What would it be the best way to clear the NextAuth.js session when trying to hit the backend (Apollo GraphQL) and it returns a 401 because the token has expired or is invalid?
I thought about an errorLink
and signout
, but as far as I know signout
cannot be used server side at getServerSideProps
, but only client-side.
What is the recommended way to do so? Is there any other way to implement a middleware to take care of that scenario?
This would be the proof of concepto of the errorLink
I'm trying to implement, the code is caught in that if
but I can't use signOut()
as it's only available client-side.
const errorLink = onError(({ graphQLErrors }) => {
if (graphQLErrors?.[0]?.message === 'Unauthenticated.') {
// signOut();
}
});
function createApolloClient(session) {
return new ApolloClient({
cache: new InMemoryCache(),
ssrMode: typeof window === 'undefined',
link: from([
errorLink,
createUploadLink({
uri: GRAPHQL_URI,
credentials: 'same-origin',
headers: { Authorization: session?.accessToken ? `Bearer ${session.accessToken}` : '' },
}),
]),
});
}
Thanks
As Noah and Yog told you, there is no way to do it server-side, as signOut
must clear the state client-side. So this is how I would do it:
function createApolloClient(session) {
return new ApolloClient({
cache: new InMemoryCache(),
ssrMode: typeof window === 'undefined',
link: from([
createUploadLink({
uri: GRAPHQL_URI,
credentials: 'same-origin',
headers: { Authorization: session?.accessToken ? `Bearer ${session.accessToken}` : '' },
}),
]),
});
}
Then, in your getServerSiderProps
:
export const fetchServerSideProps = (
initializeApollo: (context: SessionBase | null) => ApolloClient<NormalizedCacheObject>
): GetServerSideProps => async (context) => {
const session = await getSession(context);
const apolloClient = initializeApollo(session);
try {
// Fetch anything from GraphQL here
return {
props: {
// add your required page props here
session,
},
};
} catch {
// Token invalid or expired error (401) caught here, so let's handle this client-side.

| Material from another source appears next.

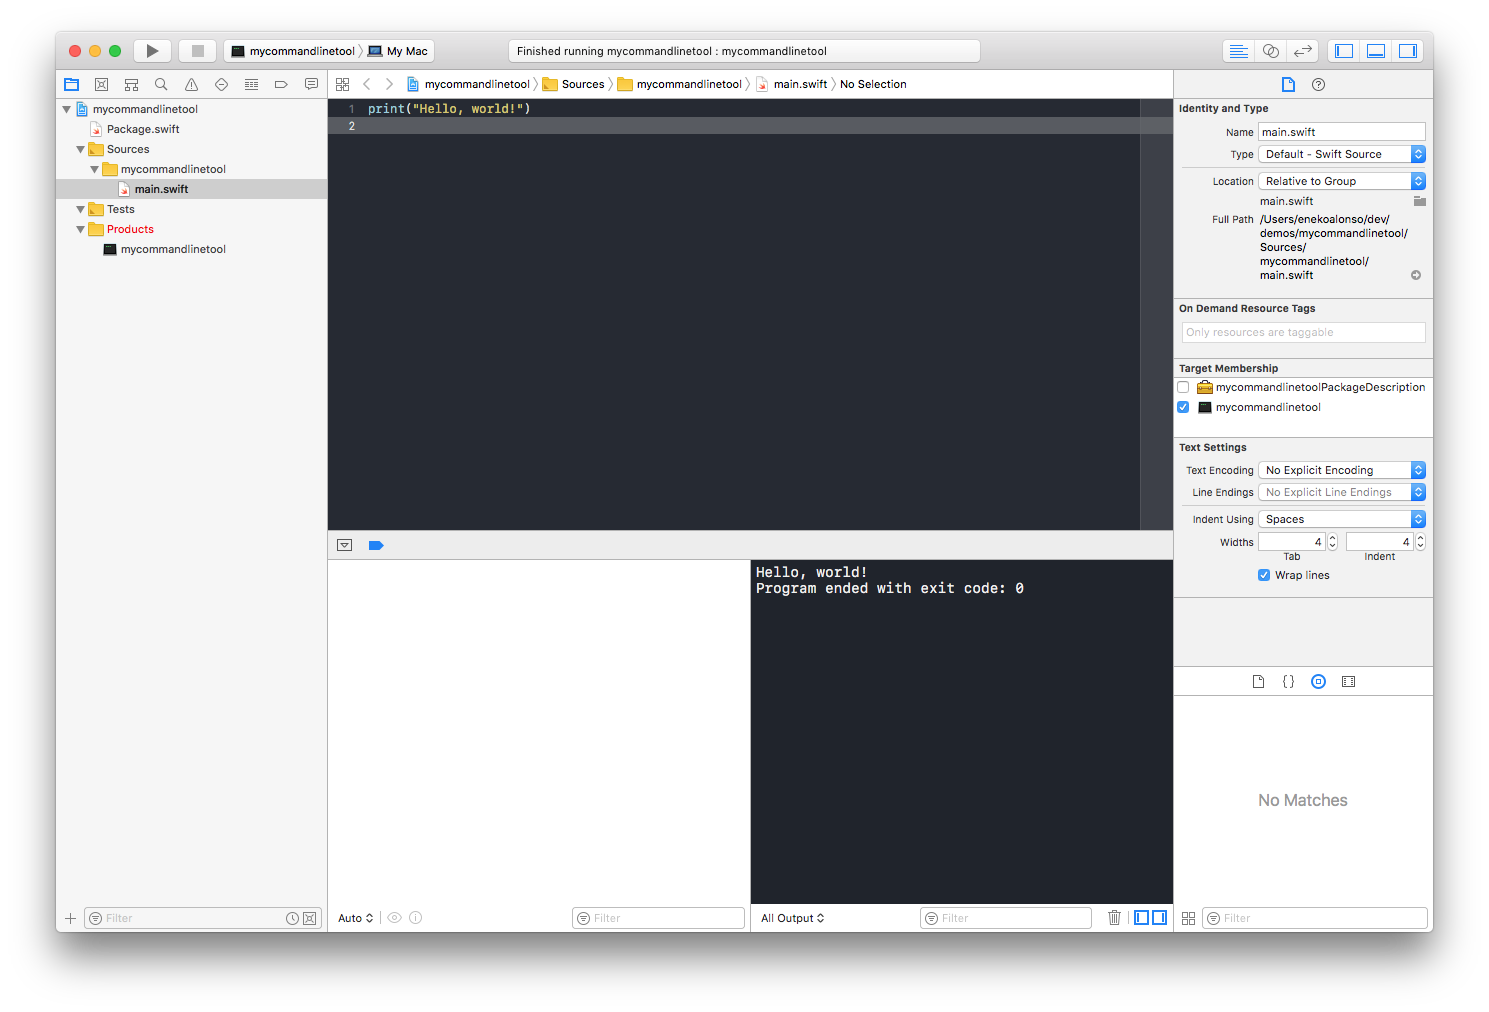 Running the project on Xcode

return { props: { session: null } };
}
};
Finally, your page would look like:
const withAuth = <P extends { session: Session | null }>(Page: NextPage<P>) => (props: P): JSX.Element | null => {
if (!props.session) {
// Clear session and redirect to login
signOut({ callbackUrl: '/login' });
return null;
}
return <Page {...props} />;
};
const Page: NextPage<P> = (props) => (
<p>This should be shown ONLY if the user is logged in</p>
);
export default withAuth(LoggedInPage);
If it can't be done server-side, I guess this would be the better flow for it, right?